Due to the implementation of long-term memory in LLMs, attackers can inject instructions that permanently reconfigure their state.

Model-router manipulation

Enterprises are using more and more models of routers to choose between multiple LLMs. Attackers develop hints that force redirection to the weakest or least protected model.

Why is this important for business leaders?

Immediate injection is not a theoretical problem. It directly affects:

  • Ccustomer-facing systems (chatbots, support agents)

  • Iinternal copilots (developer tools, security assistants)

  • Aautomation workflows (ticketing, cloud operations, HR processes)

  • Dparent management (RAG pipelines, knowledge bases)

The risk is no longer limited to this "the model said something she shouldn’t have done."

In 2026, an emergency injection could:

  • Tfalsify unauthorized actions

  • Laccess sensitive information

  • Cdisrupts internal workflows

  • Manipulate analysts

  • Abusiness logic

  • Cdisrupts multi-agent systems

The attack surface has expanded dramatically.

What should businesses do now?

1. Limit model permissions

Limit what the model can do, not what it should do.

2. Segment invalid content

Treat all external information, including RAG sources, as potentially adversarial.

3. Control the start of the tool

Ask for people’s consent for high-impact actions.

4. Confirm the origin of the content

Ensure that RAG pipelines do not receive poisoned foreign contents.

5. Harden the model routers

Prevent attackers from forcing redirects to weaker models.

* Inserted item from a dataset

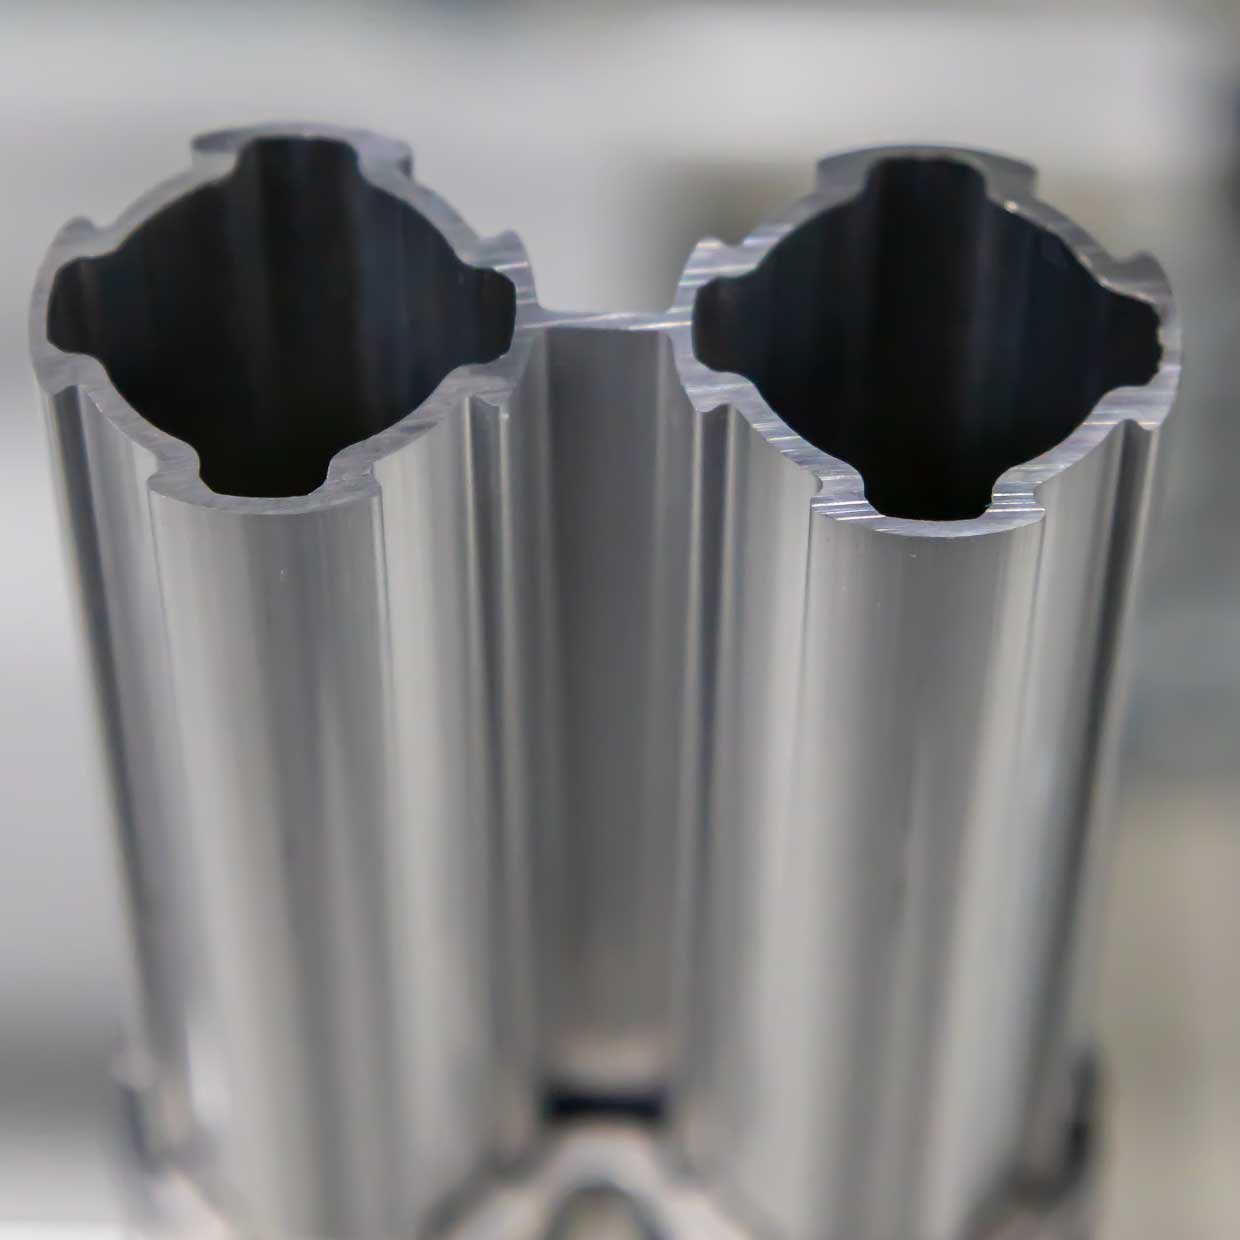 Țevi profilate duble din aluminiu cu diametrul de 28 mm

6. Treat LLMs as invalid components

This shift in thinking is at the heart of modern AI security.

Bottom line

Rapid injection remains the most effective way to compromise enterprise AI systems because it leverages the fundamental techniques of LLMs that interpret text. Unless organizations treat LLMs as unreliable translators rather than autonomous decision makers, rapid injection will dominate the AI ​​threat landscape.

Julie Brunias is an AI Security Architect.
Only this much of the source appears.